David Mumeni gives Mush plenty of charm. He is always cracking a joke, lightening the mood, and flirting effortlessly and coolly. Daniella Isaacs’s Gabby is more serious and ambitious, torn between a gnawing sense of agnosticism and love for her observant family. Although she does not quite hit the peaks of distress that a dying father and a crisis of faith demand, she spars well with Mumeni and convincingly they play out the contours of a relationship.
As Mush and Gabby discuss levels of observance – he won’t drink or eat pork but he uses Tinder and sleeps with people at the weekend, she attends Shabbat with her family but doesn’t really believe in a god – the play starts to show off its central tension: it is both subtle and not. There is little subtlety in the way that it looks at religion: Gabby does not understand why a god would let bad things happen, but the problem of evil is nothing that hasn’t been gone over before. But its subtlety shines through when it becomes clear that it’s not a play that should be seen through a theological lens, nor does it confront the wider politics of religion and its conflicts today. What the play does do is tell a deeply personal story – the story that is personal to Gabby and Mush.

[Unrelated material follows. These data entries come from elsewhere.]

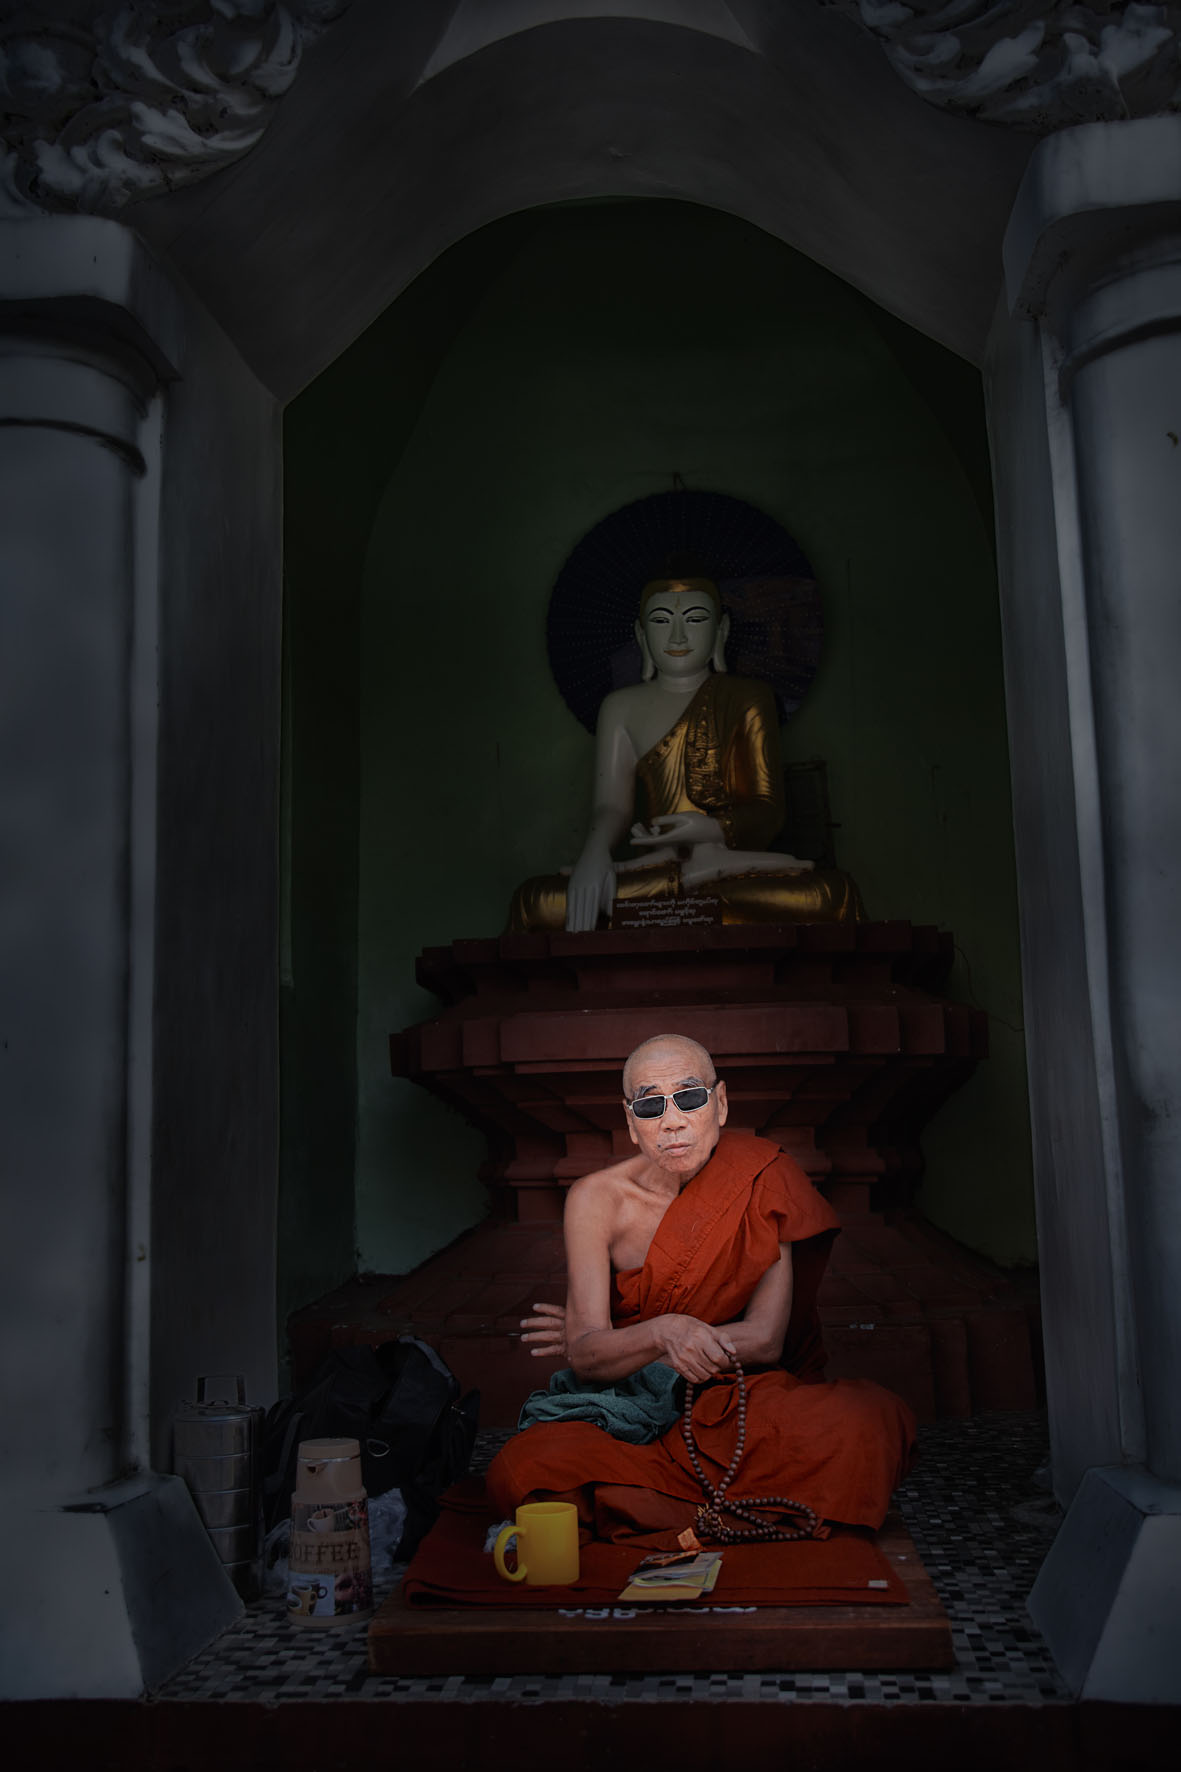 Mirroring the Buddha
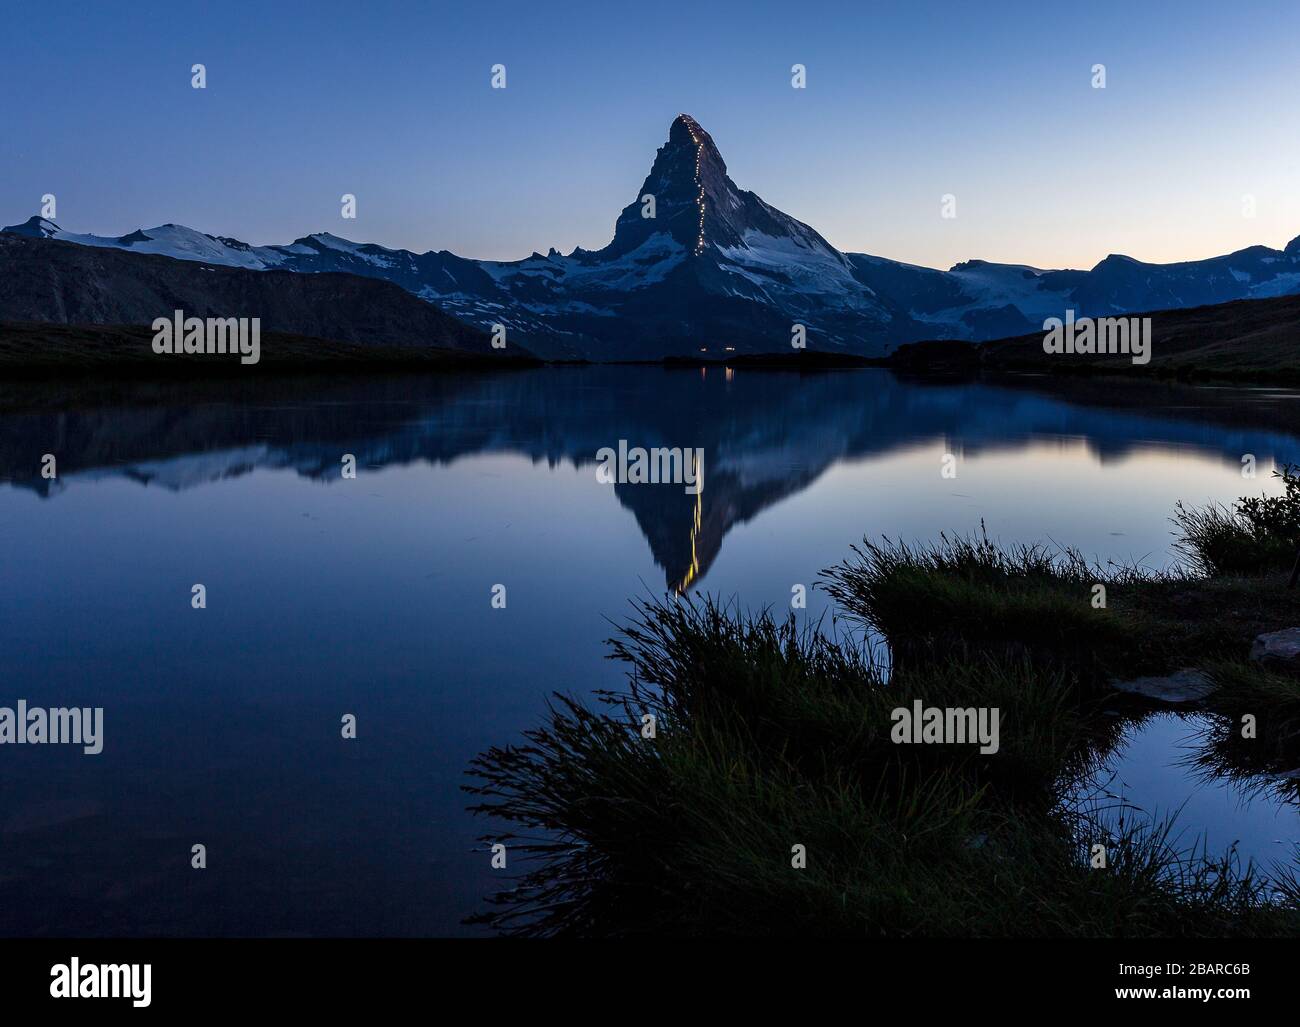 La célébration de 150 ans à partir de la première ascension de la montagne Matterhorn (Cervino). Réflexion sur le lac Stellisee à l'heure bleue. Alpes suisses. Europe. Banque D'Images
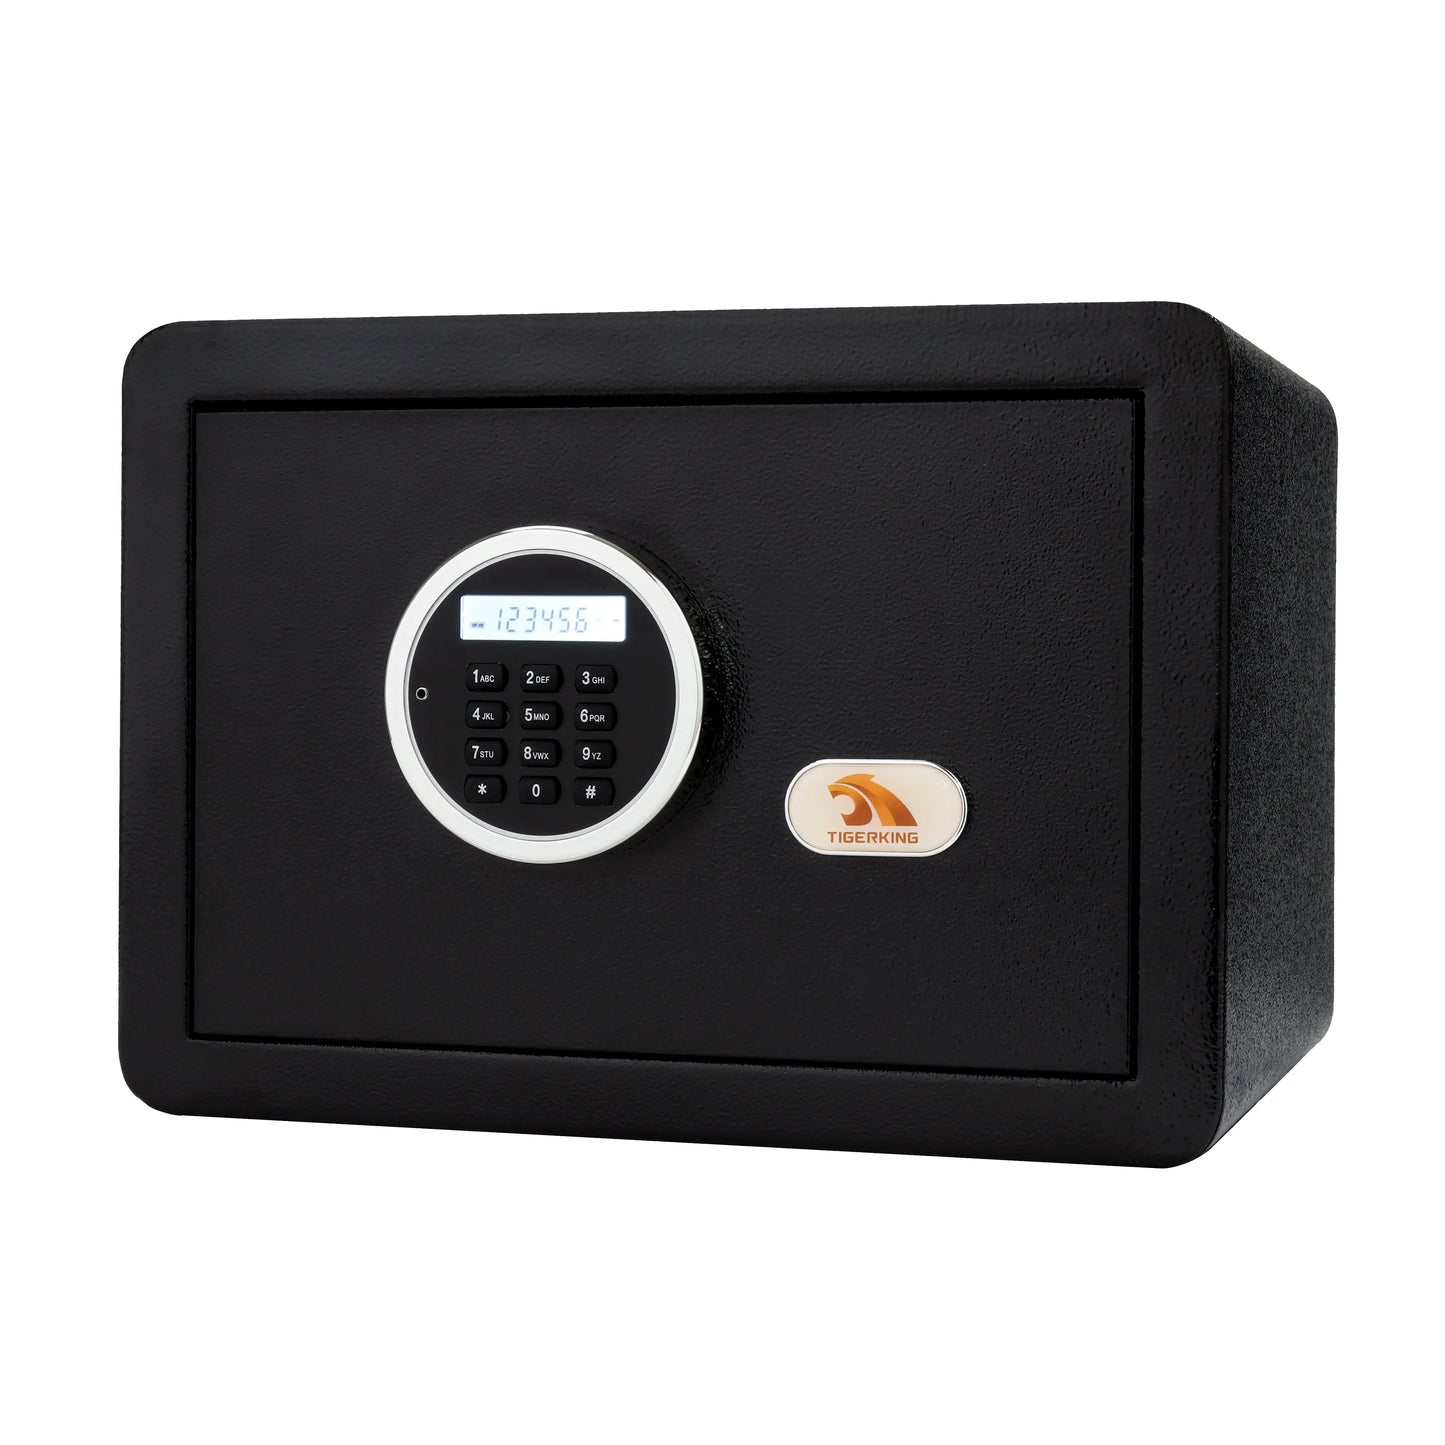 TIGERKING Mini Digital Keypad Safe 1 Cubit Feet Black E25LK TIGERKING SAFE
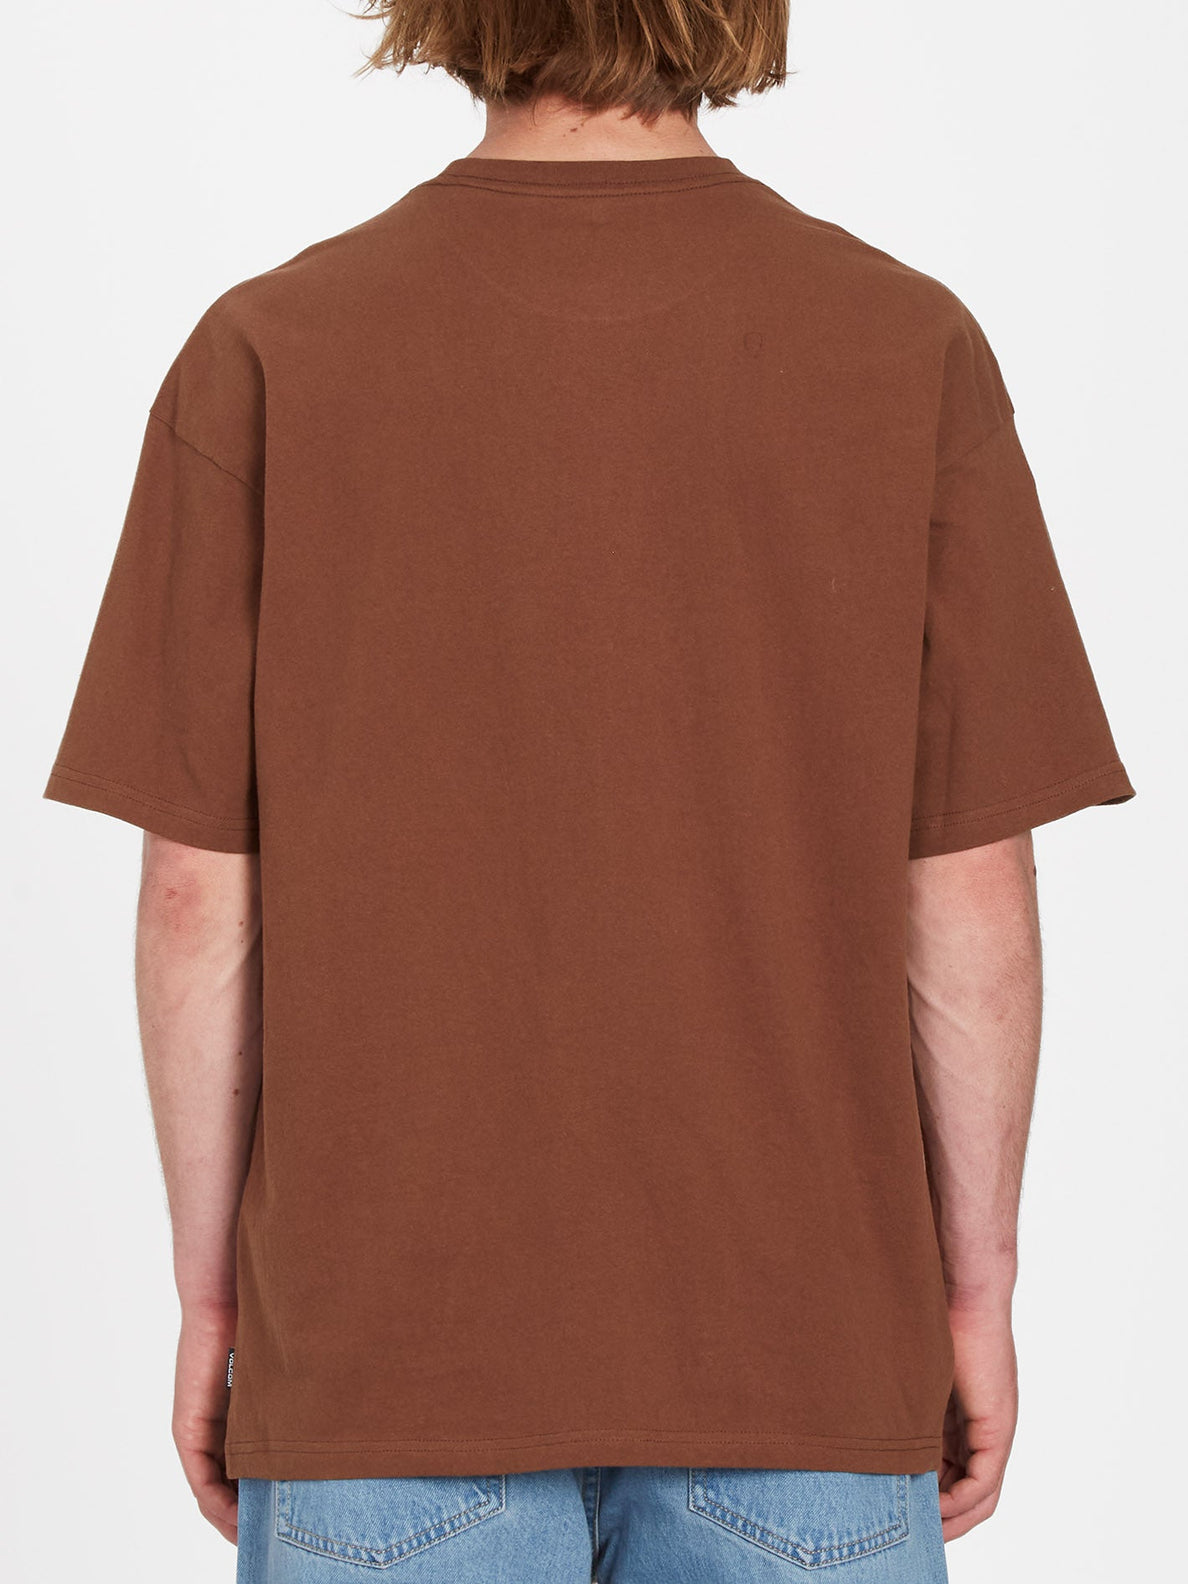 Todd Bratrud 2 T-shirt - BURRO BROWN (A5212307_BRR) [B]

For Gabby, “Judaism is not really about god. It’s about where to live, about the fact my dad won’t buy a Volkswagen.” At its heart this is the simplest of love stories. But their relationship is shrouded in the inextricable complications of belief systems that extend too far beyond and around faith itself: religion is culture, family, history, war and, sometimes, peace.
In telling the story Crome reveals that religion, for each individual person, is rarely ever about accepting a doctrine in its entirety. What matters is not just what the Bible or the Quran or the Torah teaches, but about the beliefs and opinions of people that matter to each of us – parents, friends, lovers. It is not orthodoxy, but polydoxy, individual configurations, accepting this bit of belief but rejecting that. Crome says nothing new about love stories, but she points at a religiously pluralist, multicultural society and asks: are you ready for love?